Stanford University students and Le Grand Student Space Initiative students have teamed up and have launched and recovered several weather balloons. The Stanford students taught their Le Grand counterparts how to solder wires and do other hands-on activities. Stanford students were in Le Grand this week to launch another weather balloon.
Stanford University students and Le Grand Student Space Initiative students have teamed up and have launched and recovered several weather balloons. The Stanford students taught their Le Grand counterparts how to solder wires and do other hands-on activities. Stanford students were in Le Grand this week to launch another weather balloon.

Le Grand Union Elementary School District students are reaching for the stars.

In collaboration with Stanford University students who love exploring space, eight sixth- through eighth-grade Le Grand Student Space Initiative students recently launched their own weather balloon at a Hollister park.

It ascended to 75,000 feet and was airborne for two or three hours, landing in the mountains west of Carmel Valley. It traveled 22 miles. Scott Borba, Le Grand superintendent, said a principal friend of his in the Carmel area recovered the balloon and he will pick it up shortly.

The Le Grand students’ balloon was a 12×12 Styrofoam box covered with lots of duct tape. It had an external mercury thermometer, a GoPro camera, GPS tracker, parachute and the payload — a homemade cupcake.

Le Grand’s weather balloon launch was the outgrowth of chance circumstances unfolding last September. A Stanford University balloon was recovered in the Le Grand/Planada area and a connection was made between local students and nine university students.

Via teleconferencing, Borba’s students have met with their Stanford counterparts three times and planned their next missions. They learned how to gather, assemble and then launch the required materials.

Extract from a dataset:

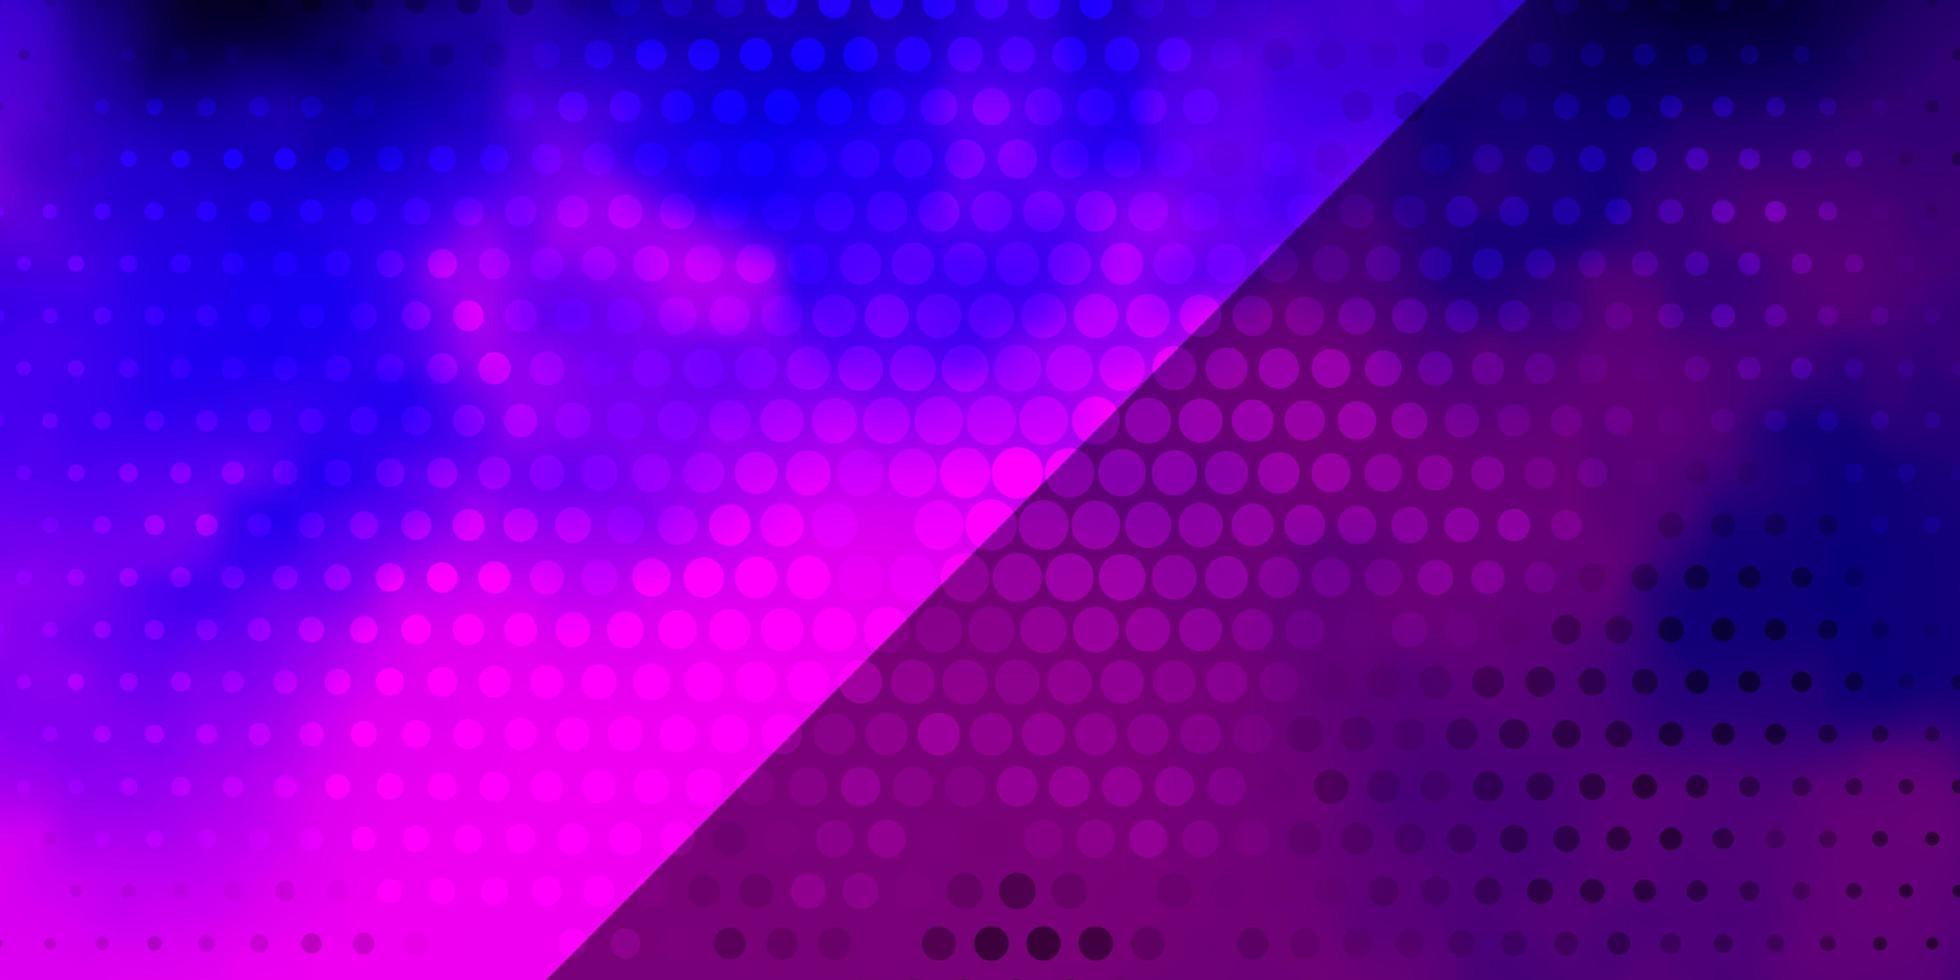 hellviolettes, rosa Vektorlayout mit Kreisen. vektor

The Stanford students were back this week to launch another weather balloon from Le Grand Elementary School.

Borba said the Stanford students were friendly and helpful.

“I have been in education for 18 years and this was one of the best days in my career,” Borba recalls about meeting the Stanford students in Brigantino Park. “They learn from each other; I see my students have opportunities with the world’s brightest kids. It felt like they were equals. It was an amazing learning experience.”

Cadence Duelo, 14, a Le Grand eighth-grader, enjoyed the experience.

“It was really fun, definitely a once-in-a-lifetime experience. They’re fun to work with,” she said.

Cadence wants to become a pediatric nurse. She said the Stanford students were relaxed and relatable. The Stanford students taught their Le Grand counterparts how to solder wires and do other hands-on activities associated with space exploration.

Borba says this is just the first year of many for the students to collaborate on the weather balloon project. He said it’s a good image for his students, showing them they too can go to Stanford and study engineering one day.

Borba hopes the camera in the Le Grand weather balloon worked and it captured incredible high-altitude pictures of the coastline, as well as recording temperatures from the flight.

Space exploration and hobnobbing with Stanford students isn’t going to stop anytime soon.

“It felt like a once in a lifetime opportunity for the students and I hope we will continue the relationship for years to come. I hope to take students to Stanford to see them in action. I’m excited that this is just the beginning,” Borba said.

When Le Grand students launched their weather balloon, it was out of sight in a couple of minutes. Like their Stanford comrades, local students formed the Le Grand Student Space Initiative. Soaring to new heights is in their future.